This work addresses an important challenge in understanding generalization and deriving generalization bounds, an area where progress has been slow in recent years – particularly for neural networks. The paper is well-written with the examples in Section 1.4 covering various scenarios, highlighting the nuanced differences between learnability and estimability. The theorems presented are novel, to the best of my knowledge, and have a fairly general scope.

** Weaknesses **

Since the authors repeatedly emphasize the case of deep learning, there should be a discussion dedicated to the hypothesis class parameterized by NNs (eg. their VC dimension) and of gradient descent (and, perhaps, other related optimization algorithms); as for the former, I would like to see Appendix A.3 in the main text. There should also be a discussion on how the theorems apply to deep learning, even if in a weak sense, as near line 517 discussing other works. Related to deep learning, I think the paragraph starting near line 162 means to discuss stability of gradient descent (and variants), since that is the algorithm, while the neural network parameterizes the hypothesis class.

One concern I have is that Theorems 3.1 and 3.2 are not sufficiently general, unlike Theorem 4.3. I'm not even sure what the applications of these theorems are.

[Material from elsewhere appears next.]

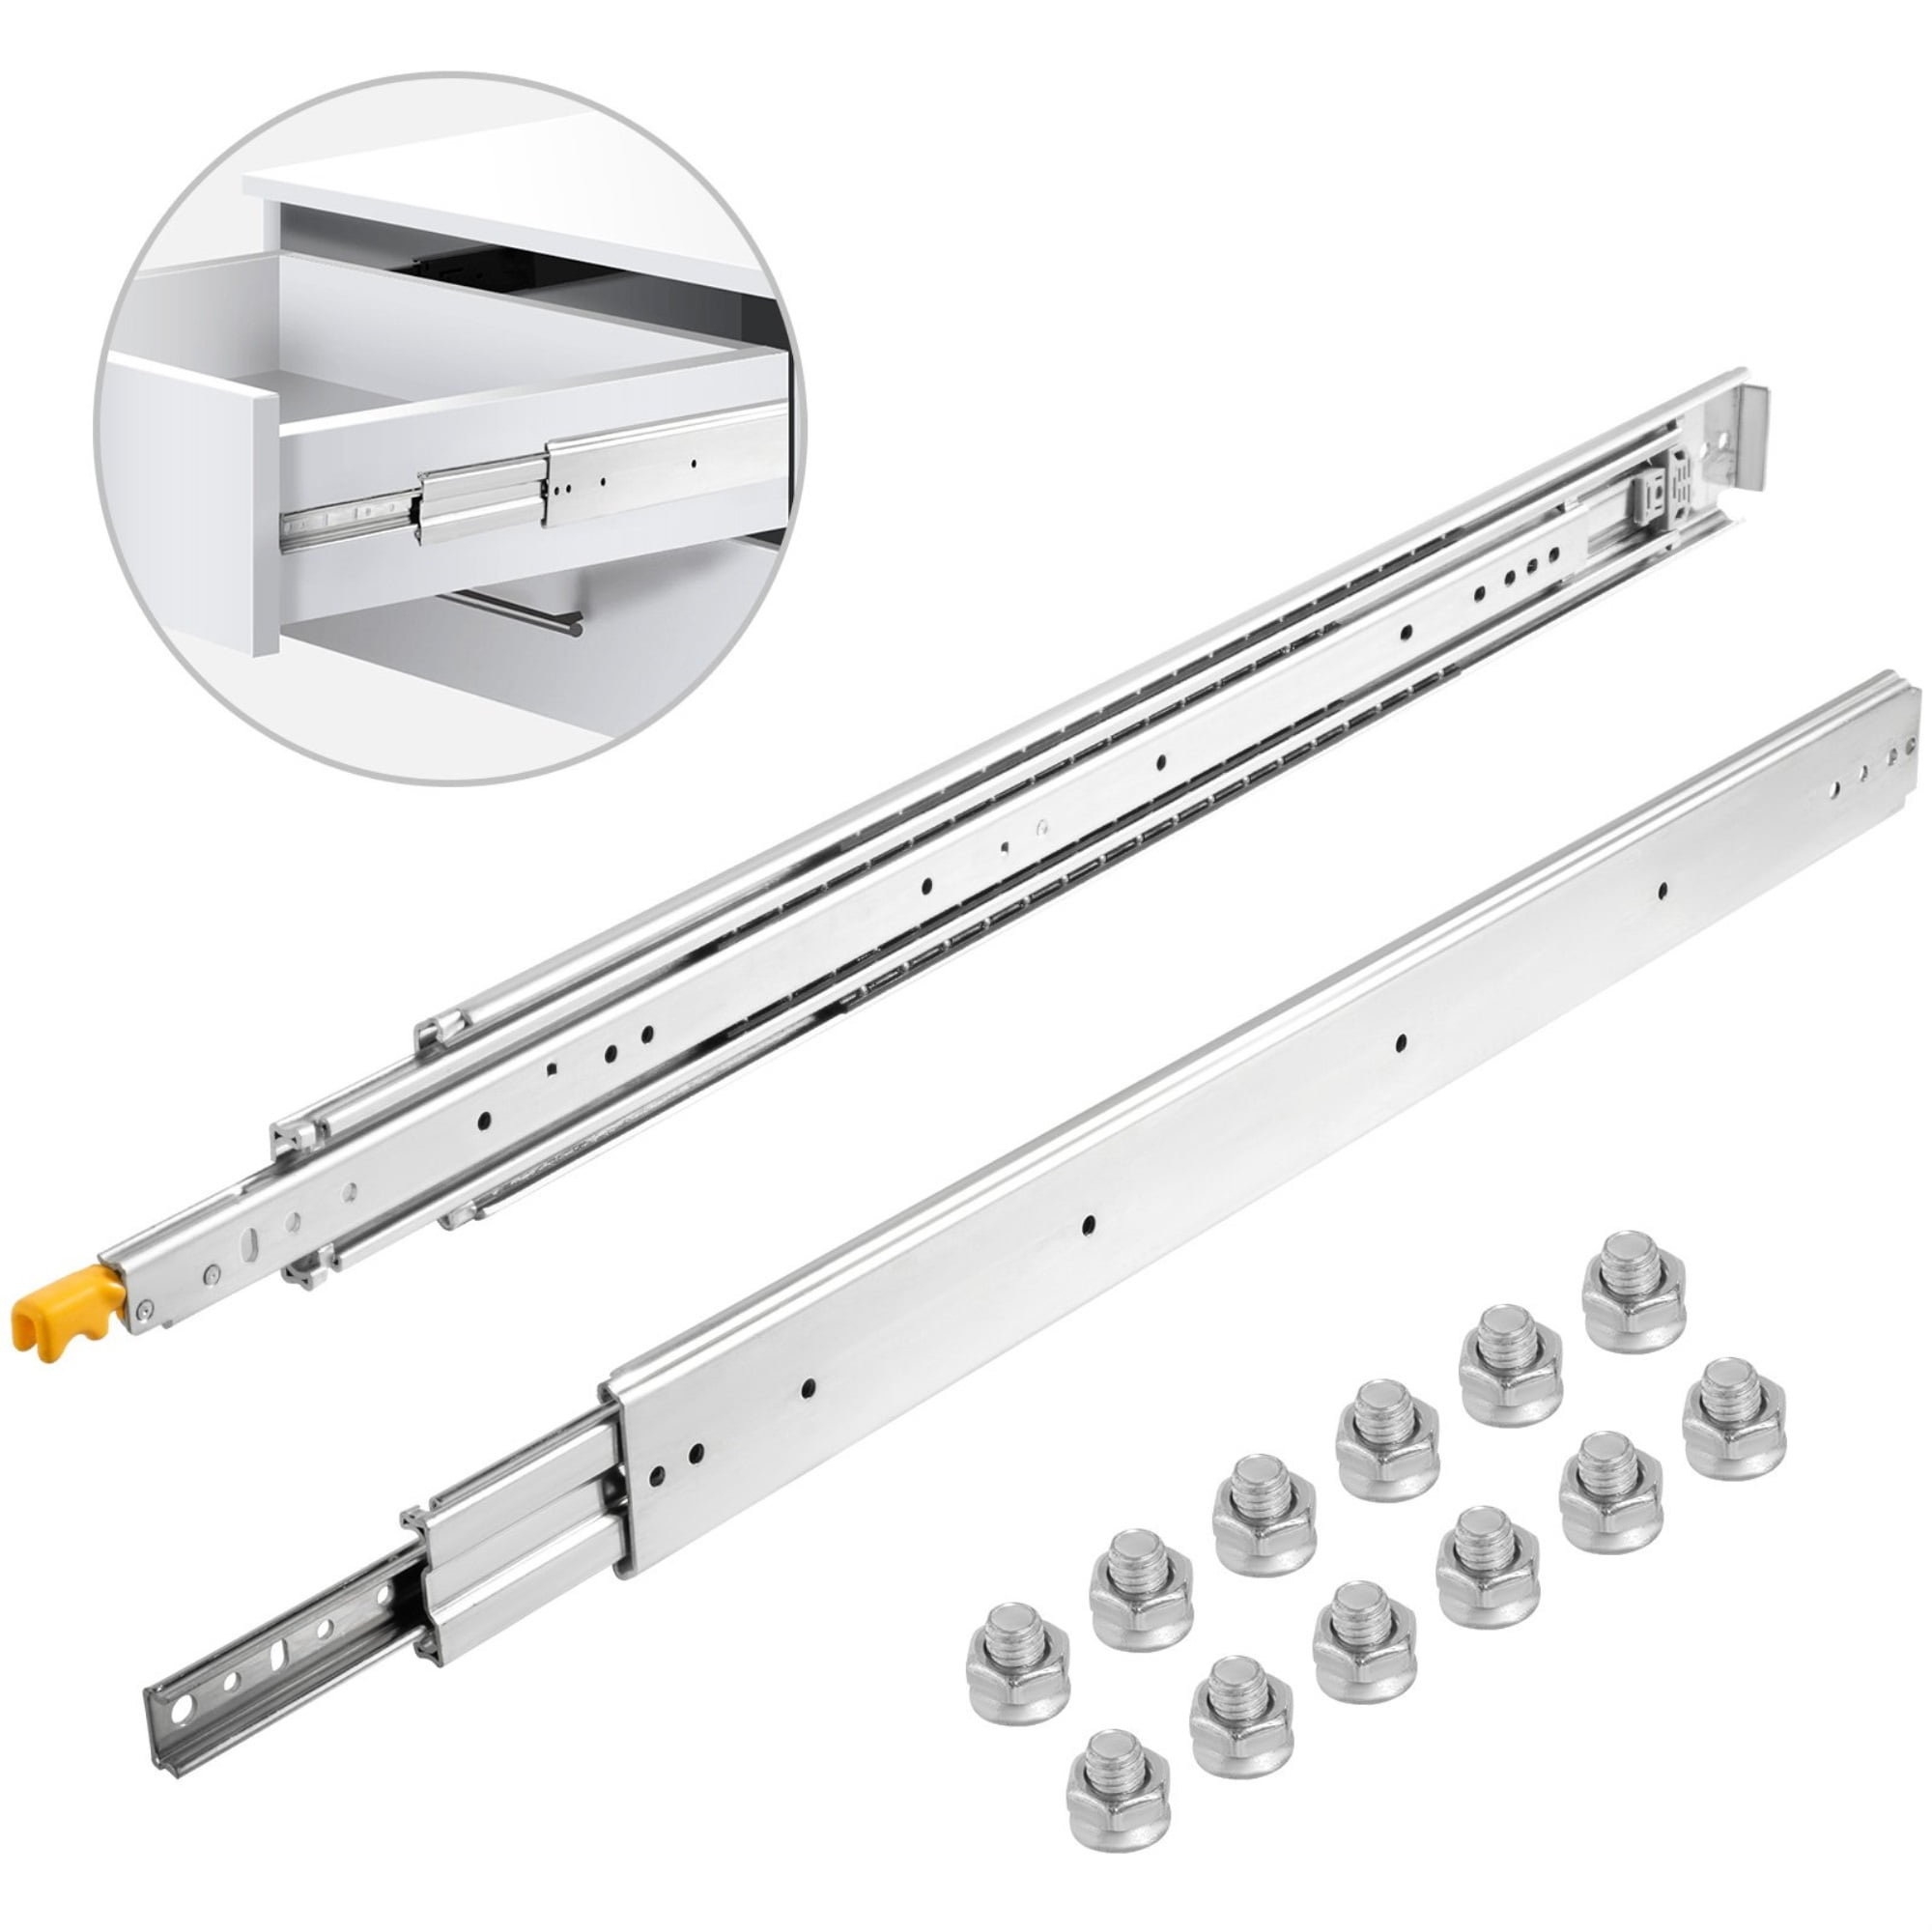 Drawer Slides Bounce Rails Solid Carbon Steel Balls Smoother Drawing Silent The Three-Section Drawer Track Improves The Drawer Space Utilization.

It is strange that the authors couldn't think of any limitations of their work; I would urge the authors to add a paragraph on the same. Given the slow progress in this research area in recent areas, I think adding some future directions, which I am sure are plenty, would be helpful for the community.

问题

Can you give some intuition around Remark 1.3? It seems to make a seemingly strong claim without any justification.

Suggestions:

The paper is reasonably self-contained, but the ordering of sections needs to be improved. Particularly, the notation in Section 2 needs to come before Section 1.1, else it becomes very hard to comprehend there onwards. Section 1.5 on related works also needs to be moved up, maybe right after Section 1.1. I am also not sure why the informal and formal versions of the theorems are both included in the main text – with Section 2 moved up, it should be sufficient to just keep the formal forms of the theorems (perhaps with informal descriptions alongside).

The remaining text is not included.